Monument Maker, page 19
Gambling is rife in these last days. Pointless congress even more so. The starved and the dissolute lie entangled in each other in the street. The buildings themselves clamber on top of one another in final copulation, making the city almost unnavigable. Is this the bearing fruit that Fonte talked of? There are escapes; whole families wade through the waters at night, their children held high above their heads. No one knows what becomes of them when they disappear from sight.
Biraggo Fonte is in daily congress with the Yezidis. He has come around, he says. But they too have moderated their plans. We look for reasons, he says. And we are given them. He speaks cryptically, which has become the style. I wonder if perhaps he has exchanged humiliations with the Yezidis. I wonder if perhaps they have all taken the name Khartoum.
19/12/1884
There is much death and suffering in Khartoum. There is nothing to eat and hope lies thin on the ground, crushed beneath the bodies piled up in mounds.
25/12/1884
Christmas in Khartoum is a wondrous thing. At first we thought it a snow that came down across the city; feathery, soft, a miracle from God. Gordon of Khartoum stood in his gown on the roof of his palace and opened his arms to the skies. But it was no snow. Instead a rain of ashes enveloped the city, a macabre display engineered by the Mahdi himself as a mockery of the Nativity. I pictured the remains of families, children, loyal animals, picked up on the wind only to rain down on our heads. These are the Mahdi’s victims, Gordon of Khartoum said, whom God himself has turned to tears.

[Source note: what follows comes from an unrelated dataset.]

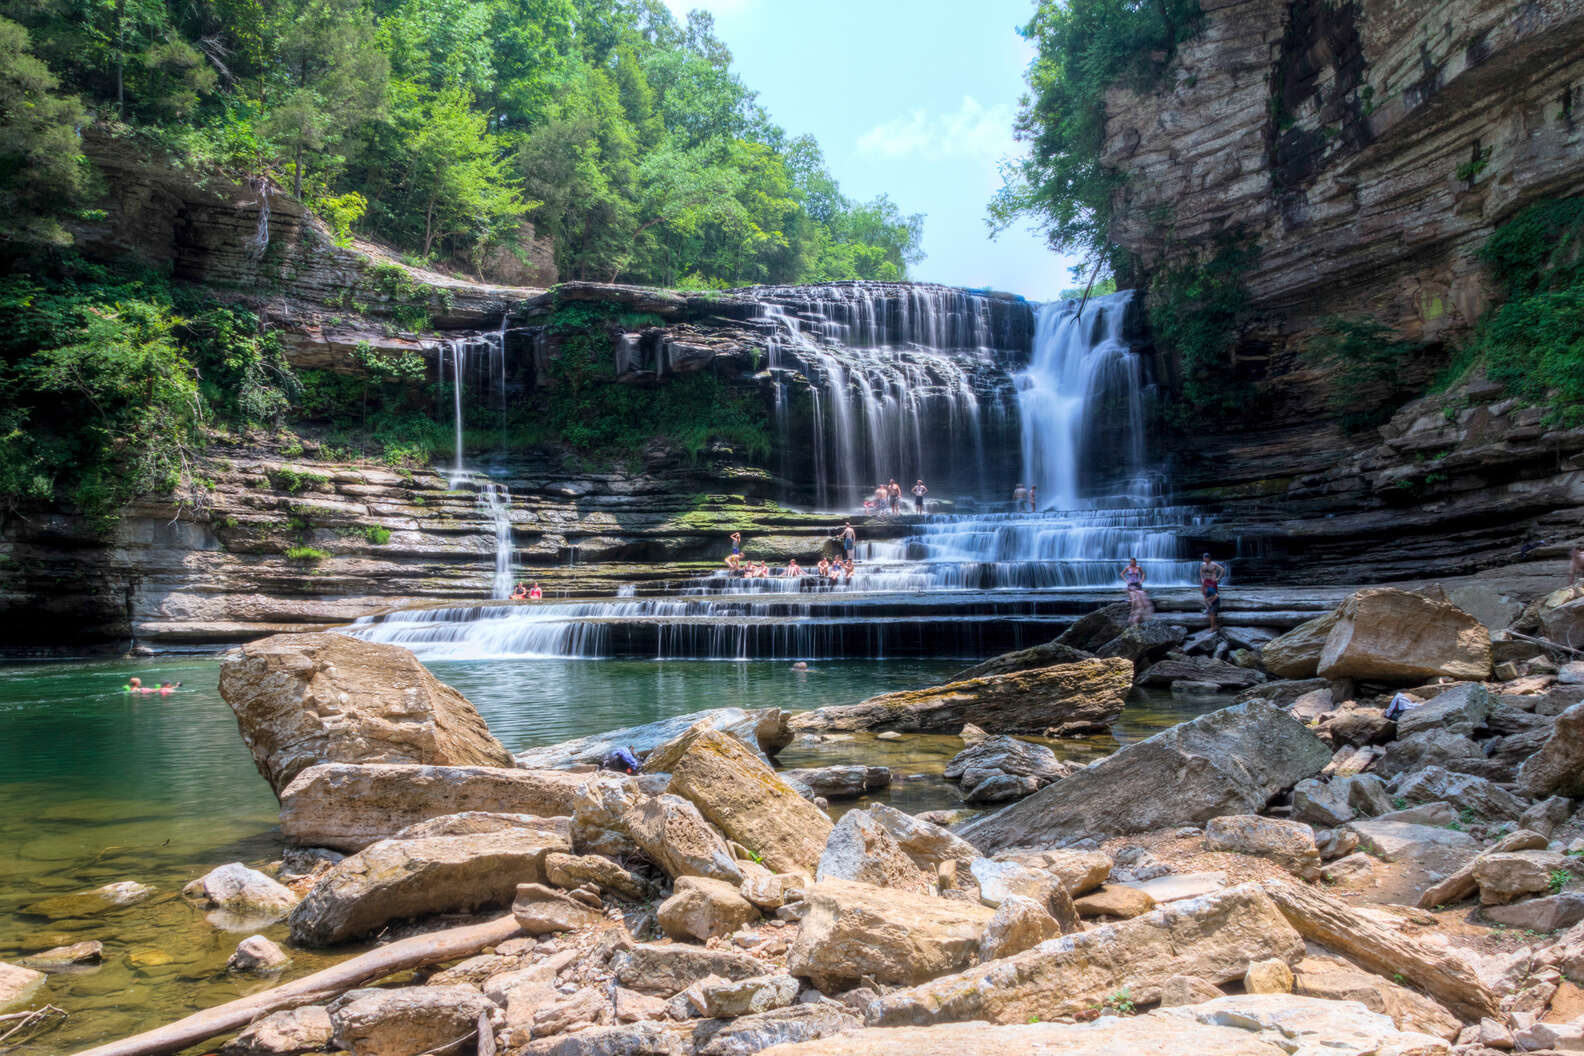 10 Best Trails and Hikes in Nashville

For dinner, a spit-roasted turkey cock was shared between Gordon of Khartoum, Orphali and myself. I dared not ask if it was the same turkey cock that had been his own humiliation, but I can say that it tasted so. Biraggo Fonte and the “brave Yezidi warriors” refused Gordon of Khartoum’s invite. They were fools. Gordon of Khartoum read us passages from The Book. He talked of Jesus’s lighting out and of his journey alone across the desert. He talked of his temptation on the rock, where he was seen to wrestle with an invisible power. He recalled him in his crib, surrounded by the animals. He talked of the rivers that flow from Eden and he told us that Eden is nowhere to be found, that Eden, in the end, will find us, no matter where we are. That night I stayed at the palace and slept in the arms of a great bliss.
1/1/1885
The New Year brings a diet of rats. The mice are too small to concern ourselves with. Gordon of Khartoum feeds his men on the pith of the trees. He paces the city in an attempt to raise men up. Sentries lie exhausted in the sand. Gordon of Khartoum drags them to the water and awakens them. As in the frozen wastes, there are no doctors in Khartoum any more and the people display their open wounds like stigmata. They sleep standing up on crutches. The streets are awash with excrement, which flows as a final tributary into the Nile. Indeed, the street that leads to the palace has come to be known as the Brown Nile. There is much disease and contagion. Contagion, says Biraggo Fonte, was the plan all along. He claims the Yezidis themselves are infected. With what? I enquired of him. With the future, he said. What of Eden? I asked him. Your man Gordon was correct, he said. You too, he said, must play your part. What have I been doing all along? I burst. Here in Khartoum I have been a faithful player in the show. Now you will require unfaith, player, Fonte spat. All our theology comes to this. Fonte tells me of the fall of Omdurman across the water. He tells me that the Mahdi has the power to melt iron and lead and steel in the furnace of his men’s stomachs. The fort itself was dissolved in the retching of his devils.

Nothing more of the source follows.